Intro to Linux Kernel
As we all know, Linux is a member of the large family of Unix-like operating systems. Linux was initially developed by Linus Torvalds as an operating system. Linus remains deeply involved with improving Linux, keeping it up-to-date with various hardware developments, and coordinating the activity of hundreds of Linux developers around the world.
One of the benefits of Linux is that it isn’t commercial operating system, it’s source code under the GNU license is open and available to anyone to use and contribute.
Basic Operating System Concepts.
Each computer system includes the basic set of programs called the operating system. The most important program in the set is called the kernel. It is loaded into RAM when the system boots and contains many critical procedures that are needed for the system to operate. The kernel provides key facilities to everything else on the system and determines many of the characteristics of higher software. The operating system must fulfill two main objectives:
- Interact with the hardware components, servicing all low-level programmable elements included in the hardware platform.
- Provide an execution environment to the applications that run on the computer system.
Some operating system allows all user programs to directly play with the hardware components(like MS-DOS). A Unix-like operating system hides all low-level details concerning the physical organization of the computer from applications runs by the user.
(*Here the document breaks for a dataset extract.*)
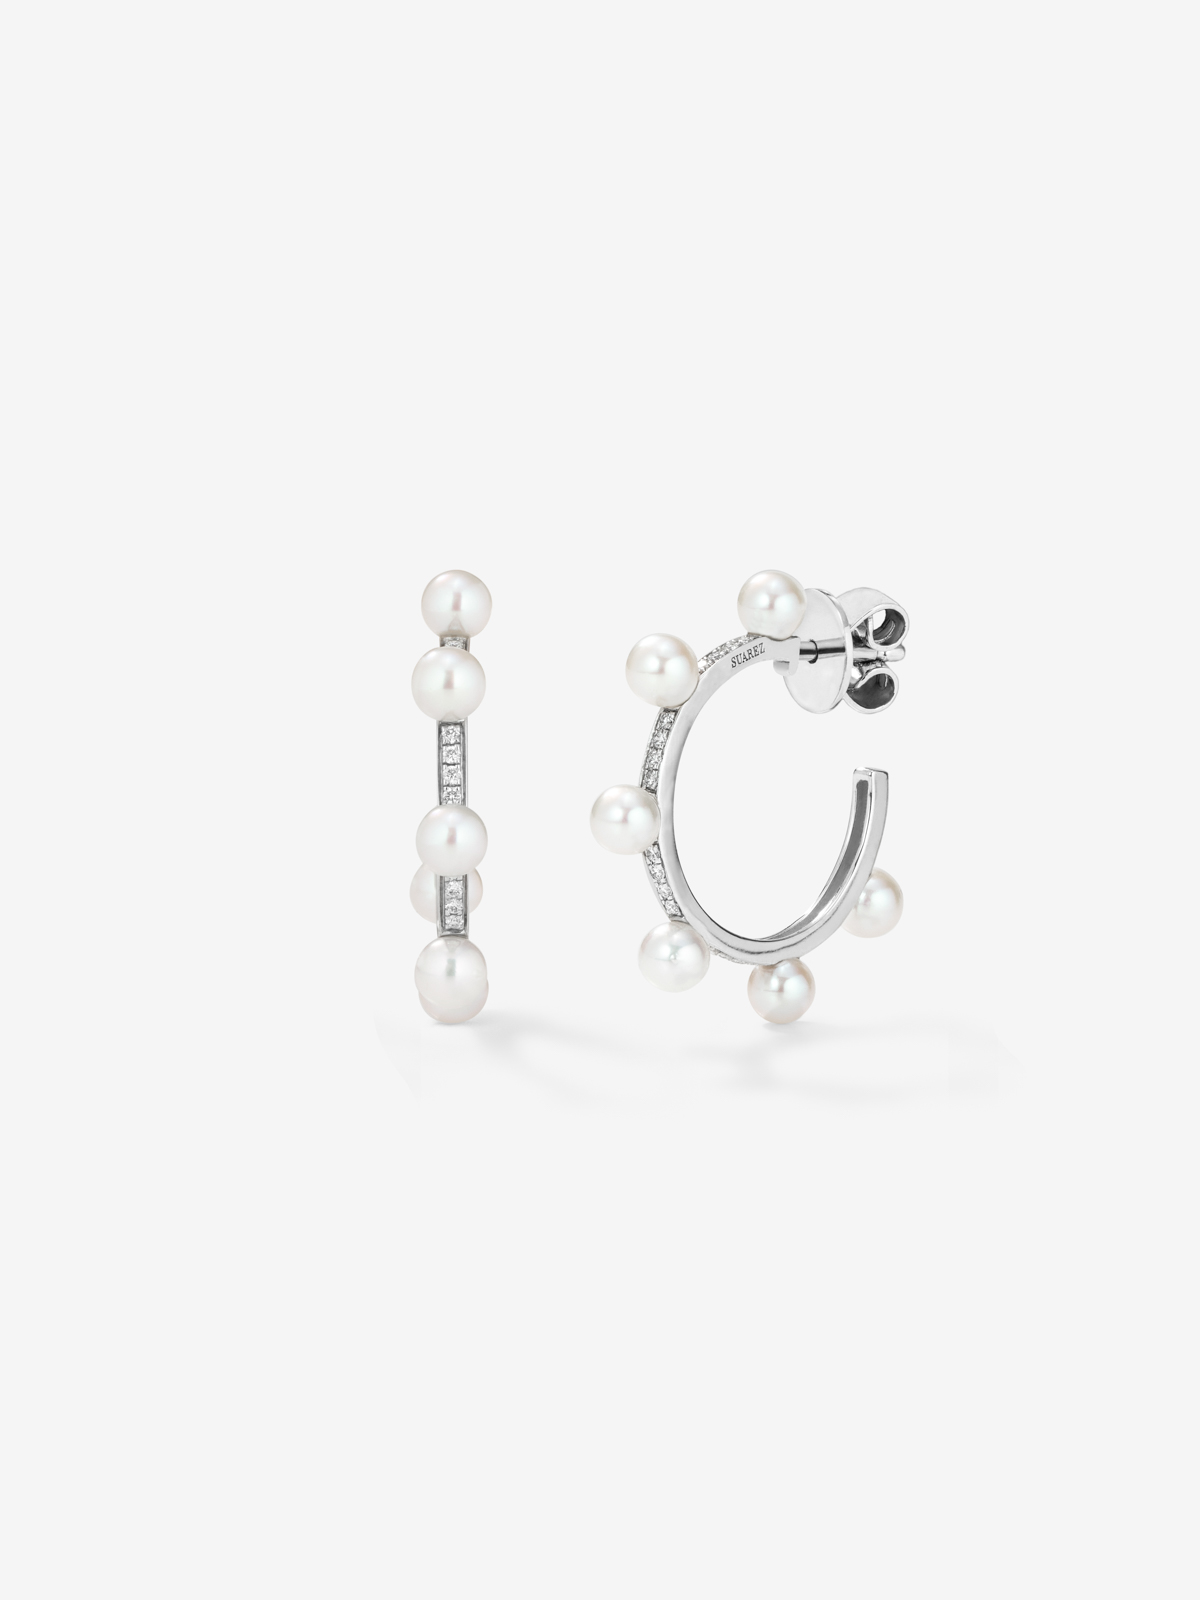 18k white gold hoop earrings with 4mm Akoya pearls

When a program wants to use use a hardware resource, it must issue a request to the operating system. The kernel evaluates the request and, if it chooses to grant the request the resource, interacts with the proper hardware components on behalf of the user program.
Kernel Architecture
Most Unix kernels are monolithic: each kernel layer is integrated into the whole kernel program and runs in Kernel Mode on behalf of the current process. In contrast, microkernel operating systems demand a very small set of functions from the kernel, generally including a few synchronization primitives, a simple scheduler, and an interprocess communication mechanism.
Microkernels are generally slower than monolithic operating systems. However, microkernel operating systems might have a theoretical advantages over monolithic ones. Microkernels force the system programmers to adopt a modularized approach, because each operating system layer is a relatively independent program that must interact with the other layers through well defined and clean software interfaces.
To achieve many of the theoretical advantages of microkernels without introducing performance penalties, the Linux kernel offers modules. A module is an object file whose code can be link to (and unlink from) the kernel at runtime.
The main advantage of using modules include:
A modularized approach:
Because any module can be linked and unlinked at runtime, system programmers must introduce well-defined software interfaces to access the data structures handled by modules. This makes it easy to develop new modules.
Platform independence:
It may rely on some specific hardware features, but a module doesn’t depend on a fixed hardware platform.
Frugal main memory usages:
A module can be linked to the running kernel when its functionality is required and unlinked when it is no longer useful.
No performance penalty:
Once linked in, the object code of a module is equivalent to the object code of the statically linked kernel. Therefore, no explicit message passing is required when the functions of the modules are invoked.